Introduction to Data and Statistics
Statistics are widely used in everyday life, from crime and sports to education and real estate. Whether reading a newspaper, watching TV, or browsing the internet, we often encounter statistical information based on samples. This data helps assess the accuracy of claims to help us all make better and informed decisions. Understanding statistical methods is essential for analyzing information thoughtfully, whether buying a house, managing a budget, or working in fields like economics, business, psychology, biology, or law. This beginning module introduces the fundamentals of statistics including the mindset for being a statistics student, learning the relevant definitions, explaining how data is collected, and how to identify reliable data.
Terminology for Statistics
Before learning about what all is involved in statistics, it is important to introduce a few key words that will be used all throughout our study of statics.
What is Data?
Data is any collections of observations (such as measurements, genders, survey responses, etc.).
Example : Data
- An instructor asks their class how many hours they studied last week and the class responded with various times ranging from 30 mins to 4 hours. All of these "times" given by the students would be considered Data.
- A survey online asks users to identify their favorite fast food restaurant. Two of the selections made are Zaxbys and McDonald's. These two selections are considered data.
What is Statistics?
Statistics is the science of planning studies and experiments, obtaining data, and then organizing, summarizing, presenting, analyzing, interpreting, and drawing conclusions based on the data.

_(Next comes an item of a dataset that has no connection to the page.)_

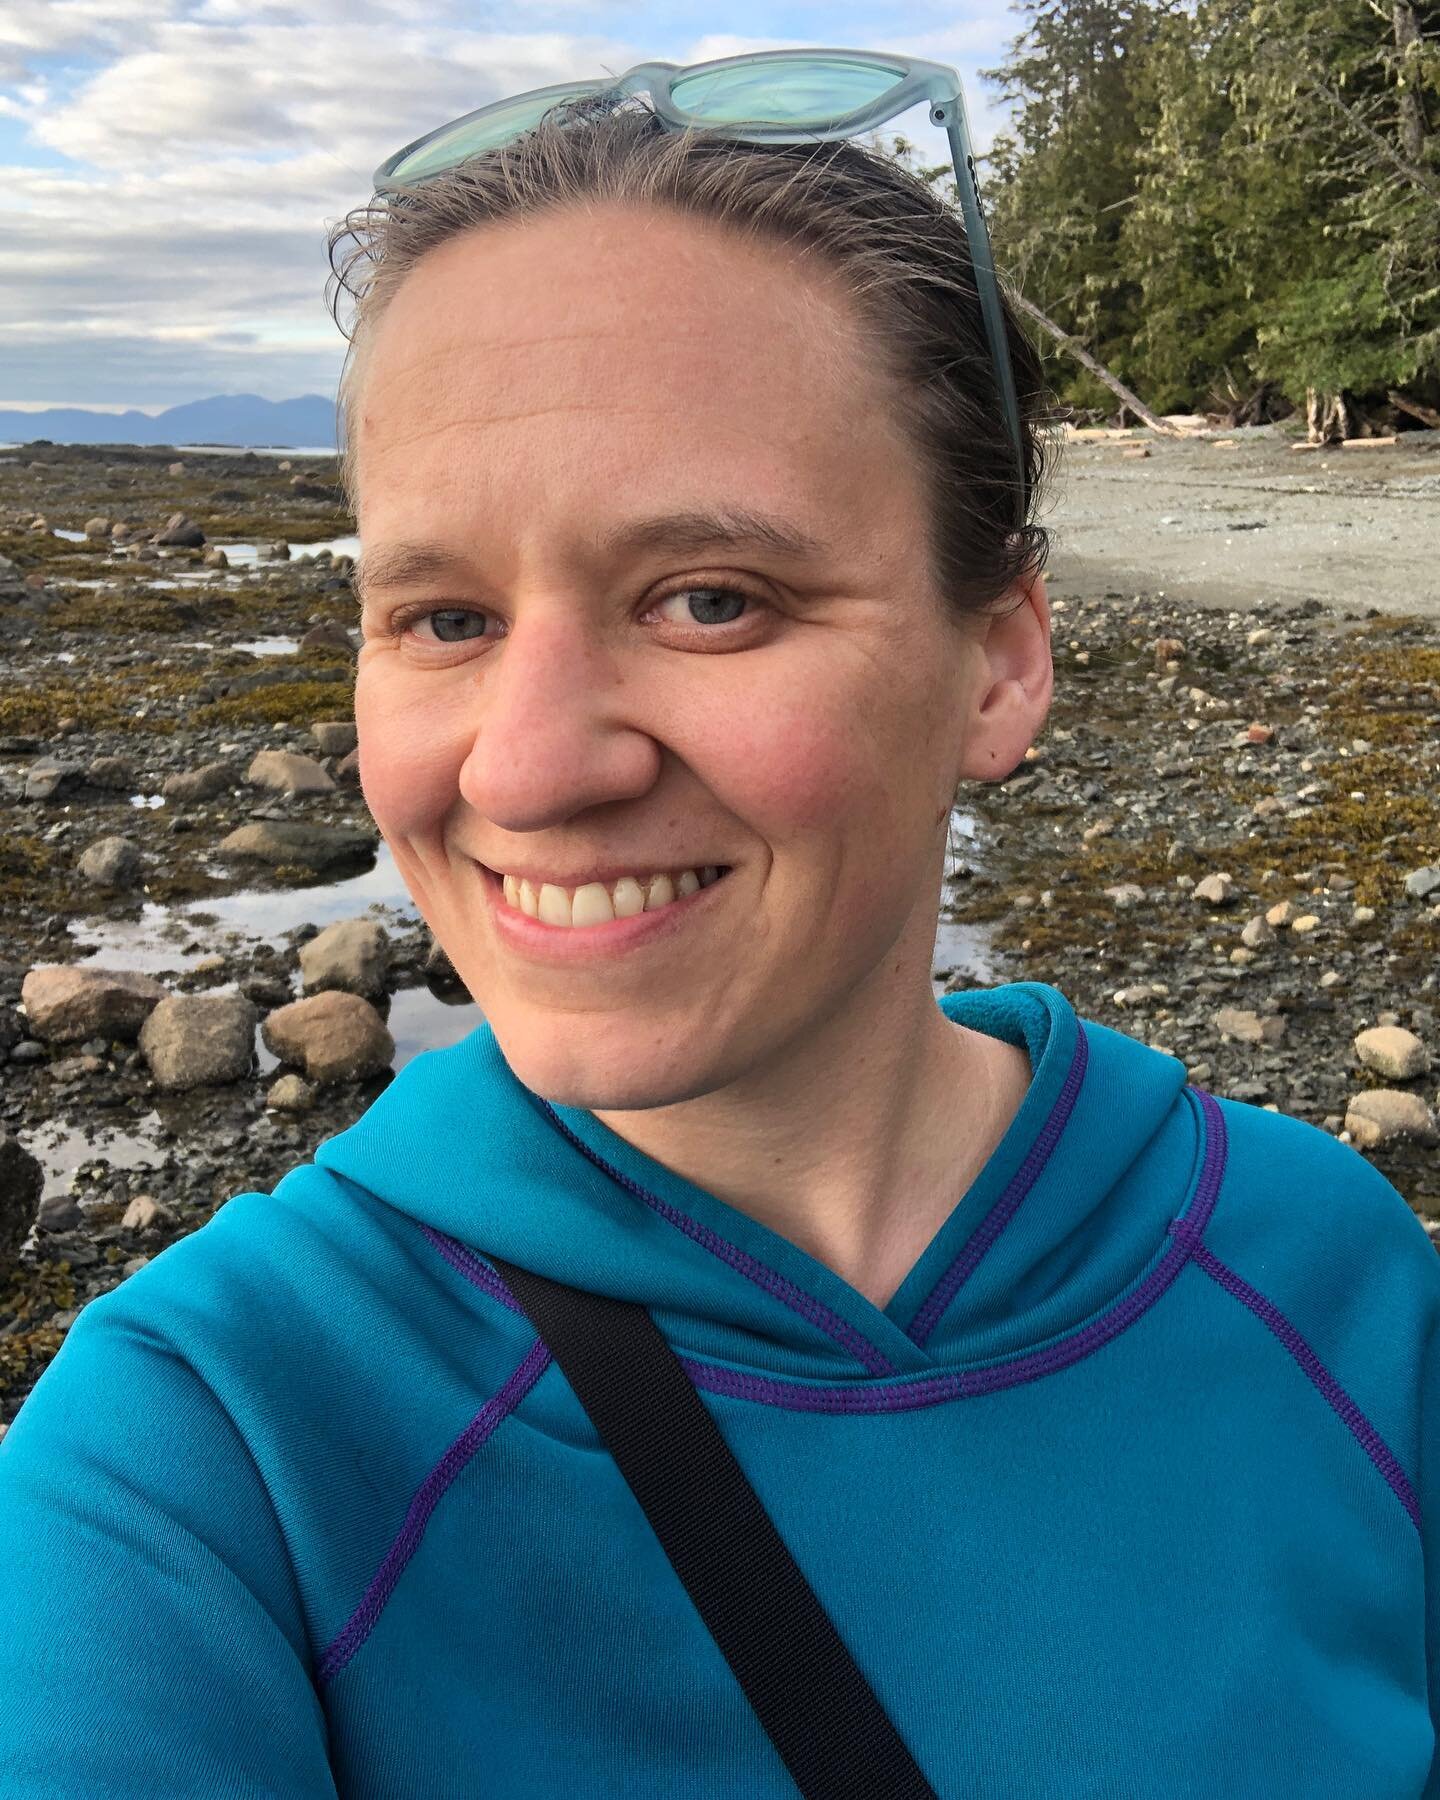 Tired but grateful. I just finished my last teaching artist residency of the spring - one week of sketching and nature journaling with Metlakatla elementary students. I&rsquo;ve been traveling around Alaska doing work stuff since April 7!! Three teac

Statistics operates by using studies, surveys, polls, and other data collection tools to gather information from a subset of a larger group, allowing insights about the entire group. This principle reflects the core purpose of statistics and the objective of this course: understanding some larger group by analyzing data from a representative subset.
To further understand this core principle, let's cover a few more key terms that will be used during this course as we progress towards our objective.
The Larger Group
A population is the complete collection of all individuals (scores, people, measurements, and so on) to be studied. The collection is complete in the sense that it includes all of the individuals to be studied.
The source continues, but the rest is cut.